By analyzing existing cross correlation between Wesmark West Virginia and Wesmark Government Bond, you can compare the effects of market volatilities on Wesmark West and Wesmark Government and check how they will diversify away market risk if combined in the same portfolio for a given time horizon. You can also utilize pair trading strategies of matching a long position in Wesmark West with a short position of Wesmark Government. Check out your portfolio center. Please also check ongoing floating volatility patterns of Wesmark West and Wesmark Government.

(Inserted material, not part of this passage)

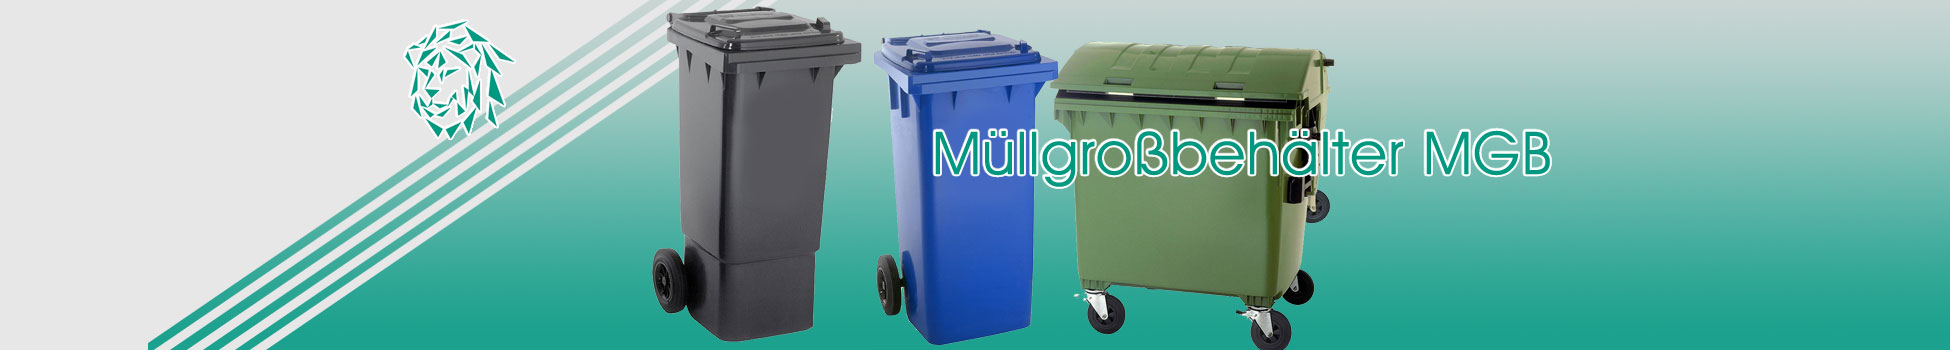 Müllgroßbehälter MGB, Abfallsammelbehälter, Abfallkörbe, Mülltonnen, Abfalleimer und Entsorgungsbehälter sind für die verschiedensten Arten der Abfallentsorgung geeignet

Diversification Opportunities for Wesmark West and Wesmark Government

0.73
  Correlation Coefficient

Poor diversification

The 3 months correlation between Wesmark and Wesmark is 0.73. Overlapping area represents the amount of risk that can be diversified away by holding Wesmark West Virginia and Wesmark Government Bond in the same portfolio, assuming nothing else is changed. The correlation between historical prices or returns on Wesmark Government Bond and Wesmark West is a relative statistical measure of the degree to which these equity instruments tend to move together. The correlation coefficient measures the extent to which returns on Wesmark West Virginia are associated (or correlated) with Wesmark Government. Values of the correlation coefficient range from -1 to +1, where. The correlation of zero (0) is possible when the price movement of Wesmark Government Bond has no effect on the direction of Wesmark West i.e., Wesmark West and Wesmark Government go up and down completely randomly.

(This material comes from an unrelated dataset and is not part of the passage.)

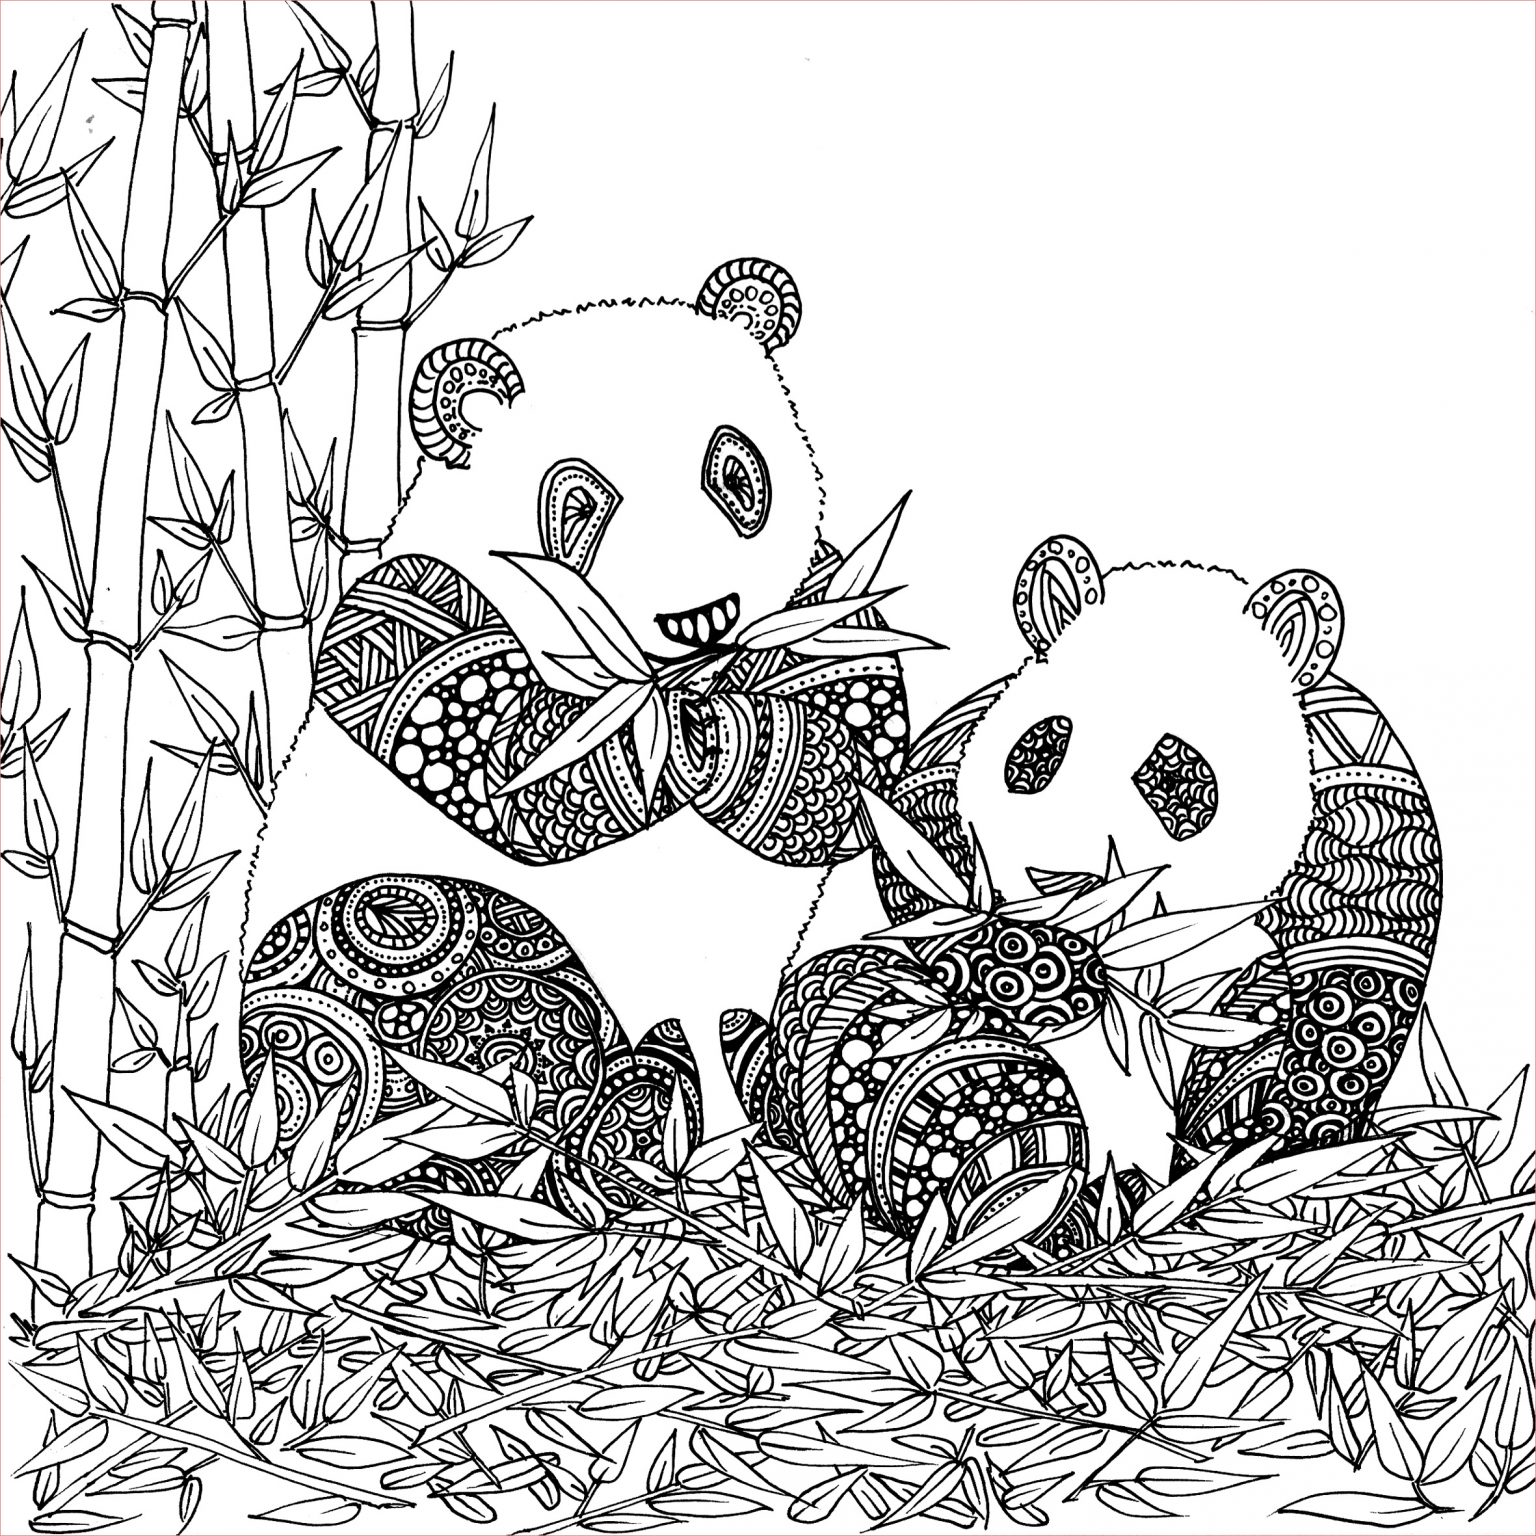 Coloriage Panda À Imprimer Nice Coloriage De Animaux Panda à Imprimer Par Chocobo

Pair Corralation between Wesmark West and Wesmark Government

Assuming the 90 days horizon Wesmark West Virginia is expected to generate 0.9 times more return on investment than Wesmark Government. However, Wesmark West Virginia is 1.11 times less risky than Wesmark Government. It trades about -0.06 of its potential returns per unit of risk. Wesmark Government Bond is currently generating about -0.1 per unit of risk. If you would invest  986.00  in Wesmark West Virginia on November 1, 2024 and sell it today you would lose (15.00) from holding Wesmark West Virginia or give up 1.52% of portfolio value over 90 days.
Time Period3 Months [change]
DirectionMoves Together 
StrengthSignificant
Accuracy100.0%
ValuesDaily Returns

Wesmark West Virginia  vs.  Wesmark Government Bond

 Performance 
       Timeline  
Wesmark West Virginia 

Risk-Adjusted Performance

2 of 100

 
Weak
 
Strong
Weak
Compared to the overall equity markets, risk-adjusted returns on investments in Wesmark West Virginia are ranked lower than 2 (%) of all funds and portfolios of funds over the last 90 days. In spite of fairly strong primary indicators, Wesmark West is not utilizing all of its potentials. The current stock price disturbance, may contribute to short-term losses for the investors.
Wesmark Government Bond 

Risk-Adjusted Performance

1 of 100

 
Weak
 
Strong
Very Weak
Compared to the overall equity markets, risk-adjusted returns on investments in Wesmark Government Bond are ranked lower than 1 (%) of all funds and portfolios of funds over the last 90 days. In spite of fairly strong fundamental indicators, Wesmark Government is not utilizing all of its potentials. The current stock price disturbance, may contribute to short-term losses for the investors.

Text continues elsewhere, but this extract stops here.